We start by comparing the results data against a uniform model that assumes each Local Authority votes for Leave in same proportion as Great Britain (GB) as a whole. This results in residual maps that were widely published in the aftermath of the vote. They demonstrate that our uniform model overestimates the Leave vote in Scotland and London, whilst the corollary is true for much of England and Wales. Notice a few exceptions: the dark red of Cambridge surrounded by (generally) blue.

That these very obvious patterns exist -- Scotland and London look categorically distinct -- we can ask whether there is something fundamentally different about LAs in those regions.

# --- Maps of residuals ---
# Tidy SDF into DF for use in ggplot2.
data_gb_df <- tidy(data_gb)
gb_hex_df <- tidy(gb_hex)
# We lose the attribute information, so need to add this in.
data_gb$id <- row.names(data_gb)
data_gb_df <- left_join(data_gb_df,data_gb@data, by=c("id"="id"))
gb_hex$id <- row.names(gb_hex)
gb_hex_df <- left_join(gb_hex_df,gb_hex@data, by=c("id"="id"))

# Choropleth of residuals. 
data_gb_df %>%
  mutate(model1 = Leave-0.51) %>%
    ggplot(mapping=aes(x=long, y=lat, group = group, fill = model1)) +
    geom_polygon( colour = "grey50", size=0.1 ) +
    coord_equal() +
    scale_fill_distiller(type="div", palette=5, direction=1, guide="colourbar", limits=c(-0.297,0.297))

Univariate linear regression model

We start with the degree-educated variable -- that is proportion of residents in a LA educated to bachelors level or higher.
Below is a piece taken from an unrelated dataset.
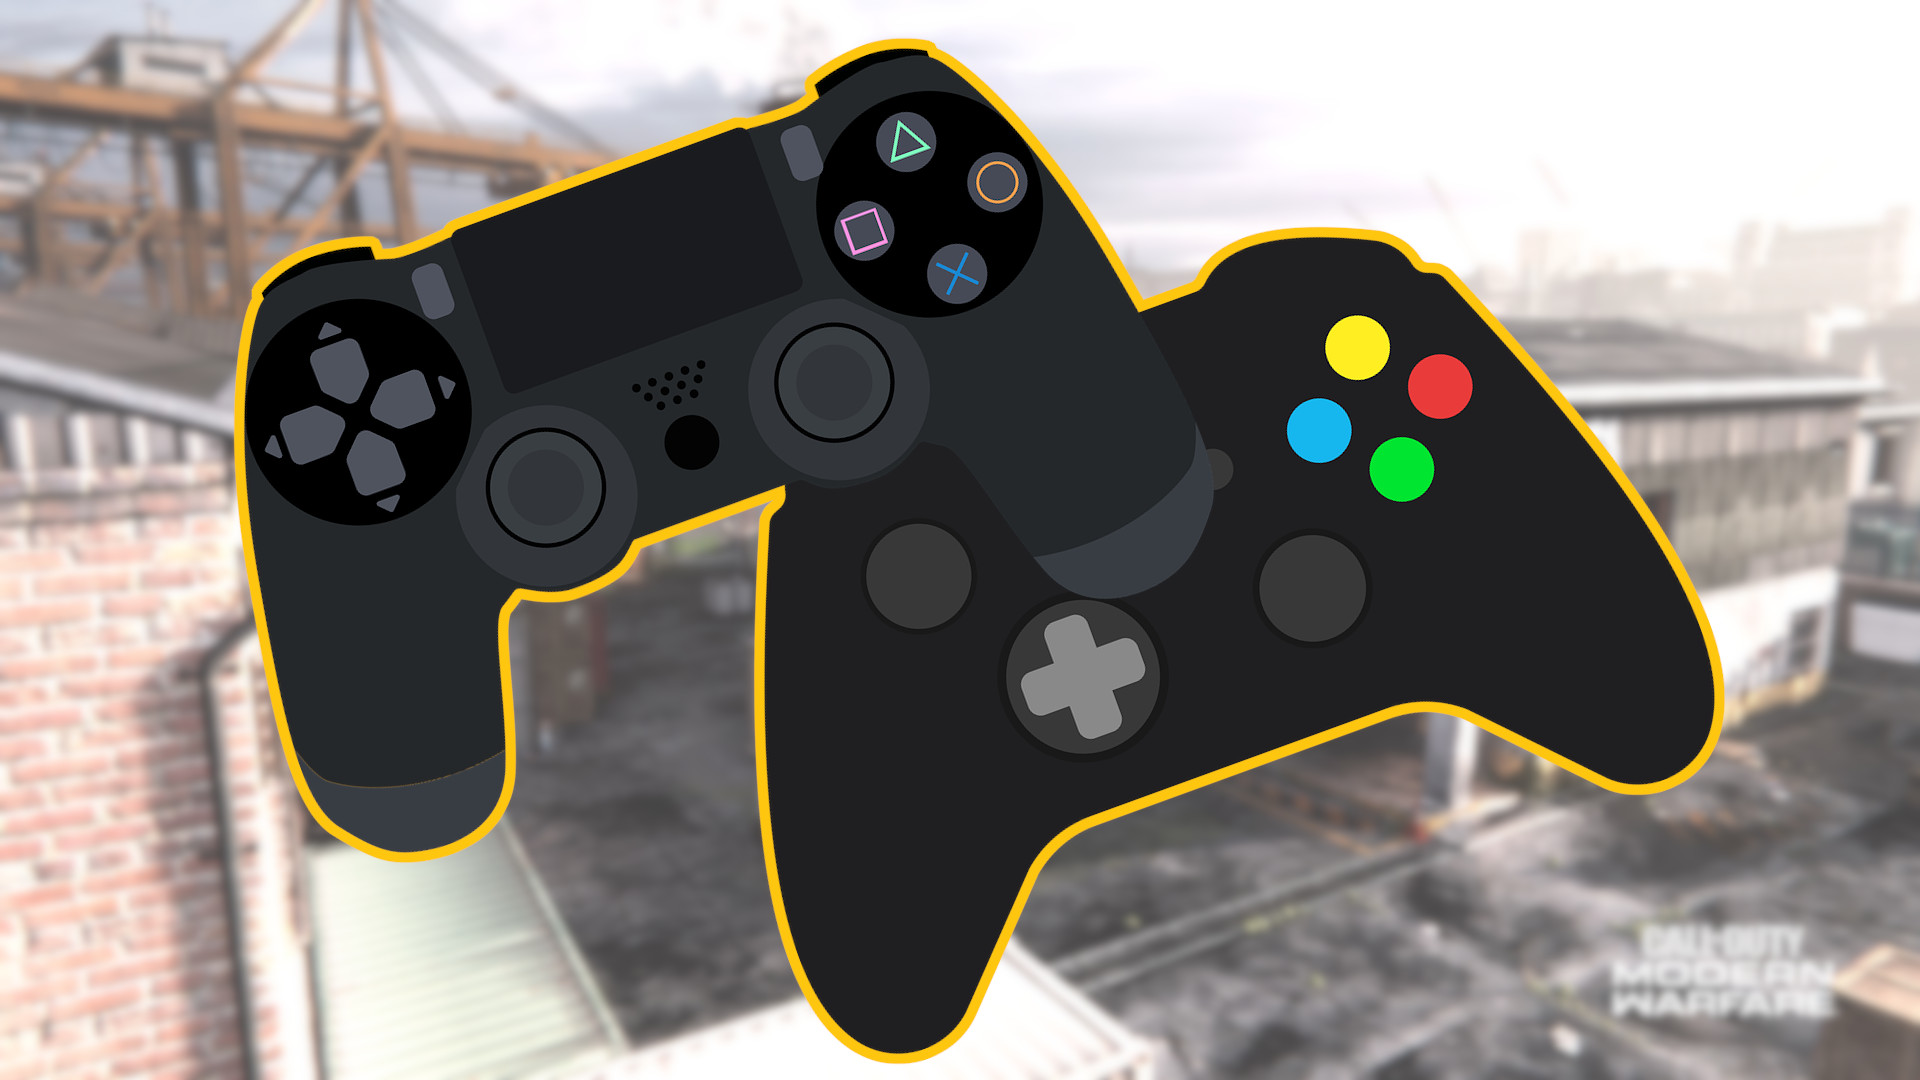 mezclador Expulsar a Hueco CoD Mobile mit Controller der PS4 & Xbox spielen - So geht's
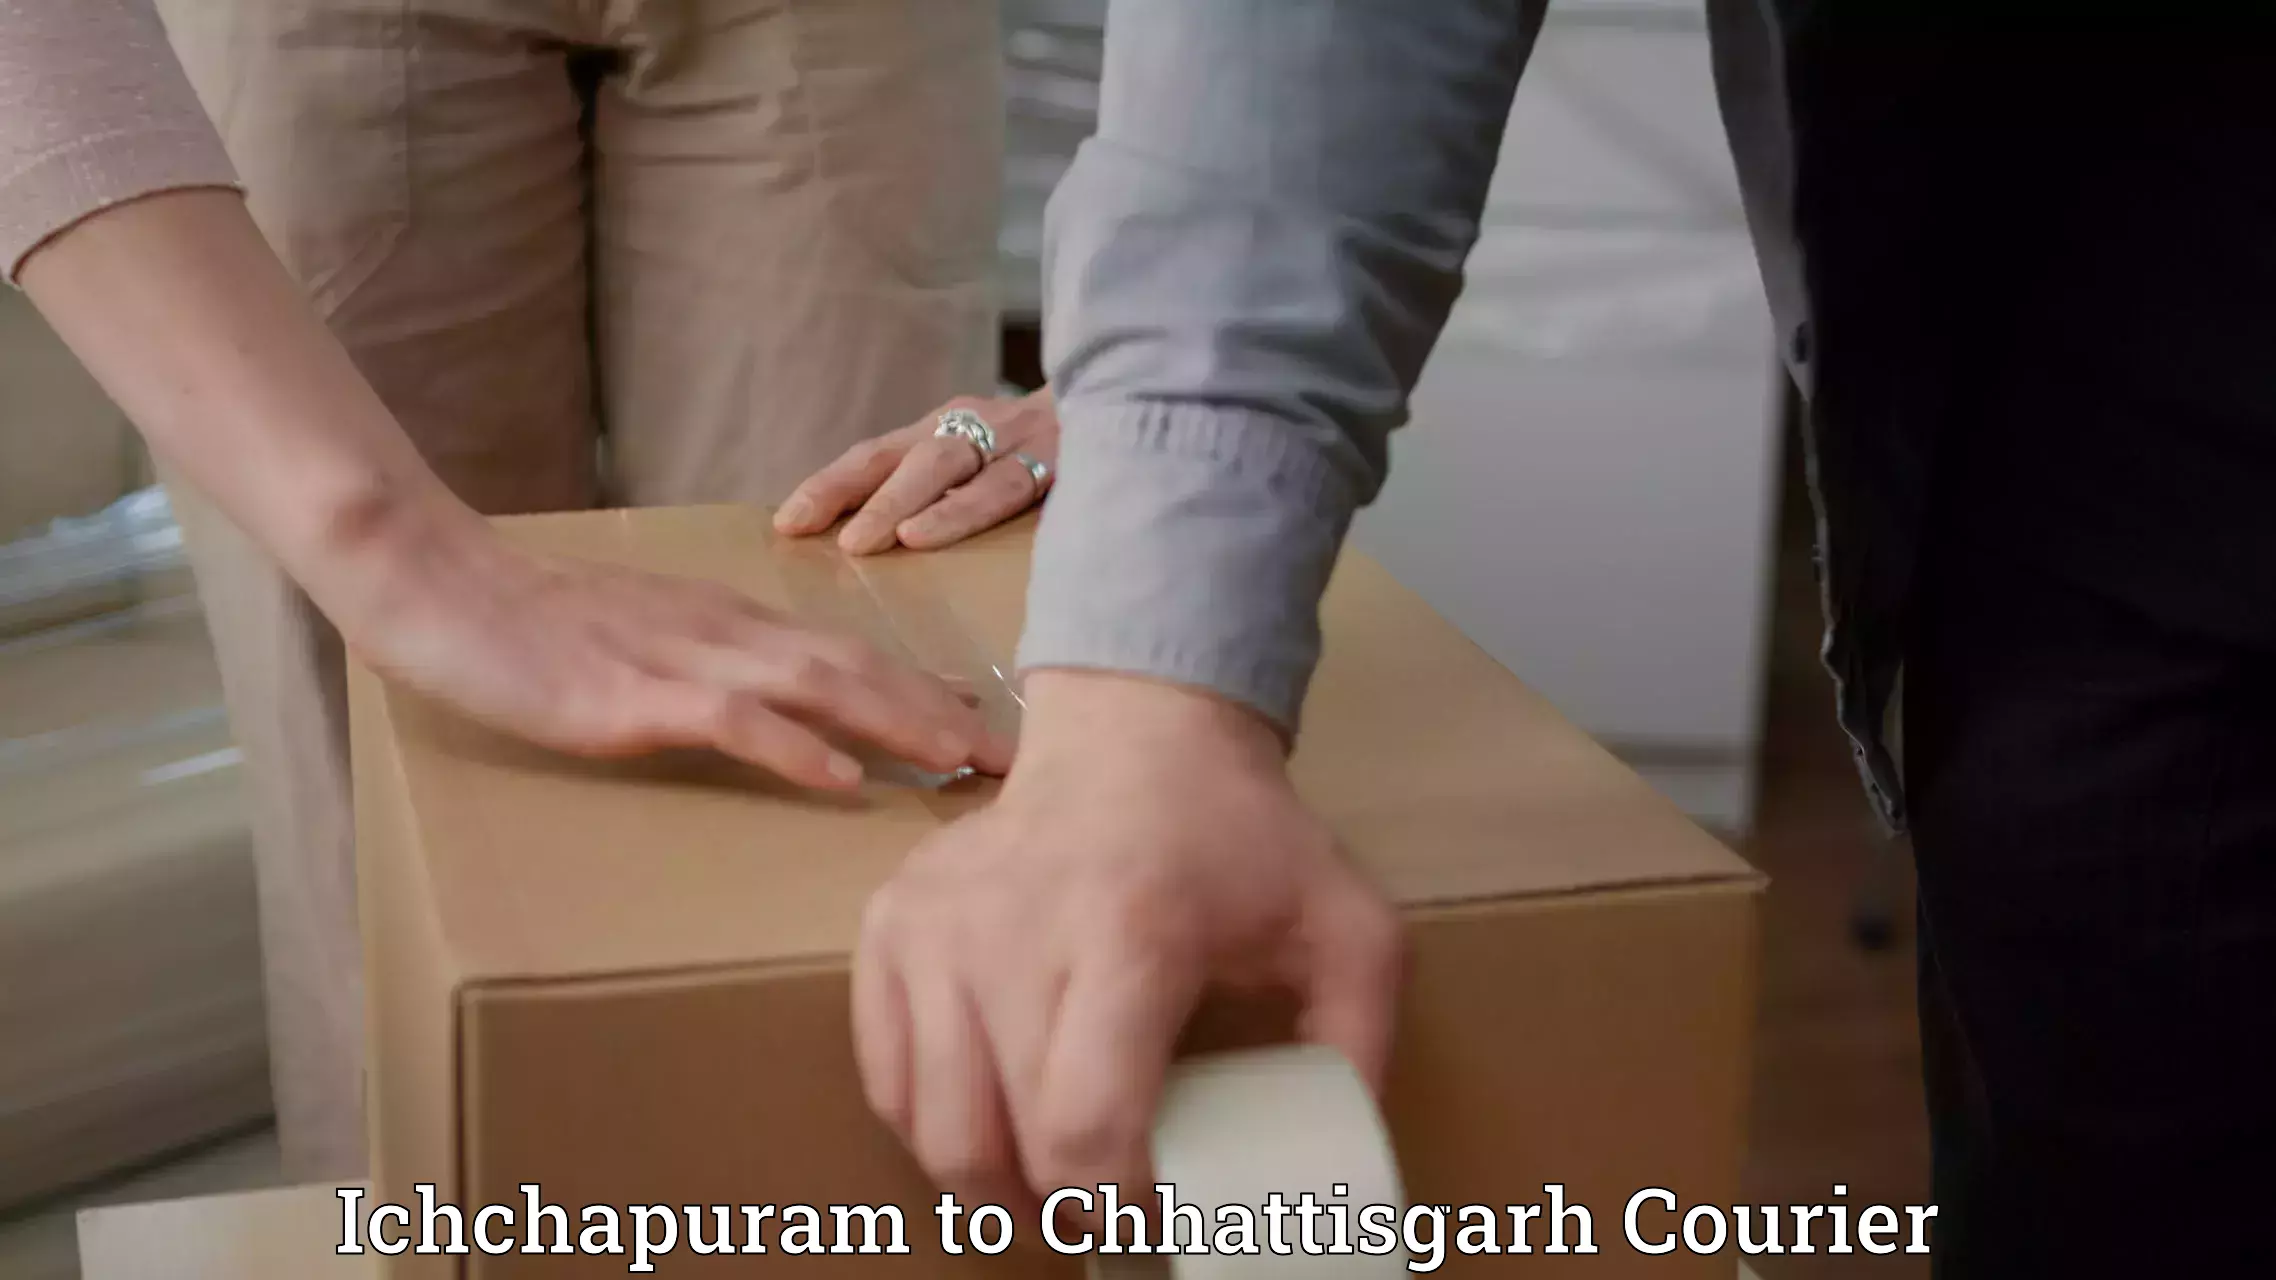 Fast delivery service Ichchapuram to Ratanpur

This is the most heavily correlated variable (inversely) with the Leave vote and variation in it explains 57% of the variation between LAs in their share of Leave. Looking at the scatterplot, we see that these residuals are not ideally distributed around the regression line: a set of LAs where our model still overestimates the Leave vote given the levels education in those areas. And from the map: that these LAs are overwhelming concentrated in Scotland.

By excluding Scotland, the residuals are more randomly distributed around the regression line and we can explain 80% of variation in LA-level voting preference in England & Wales with variation in the degree-educted variable. But the residuals exhibit spatial structure and we can make a case for local models.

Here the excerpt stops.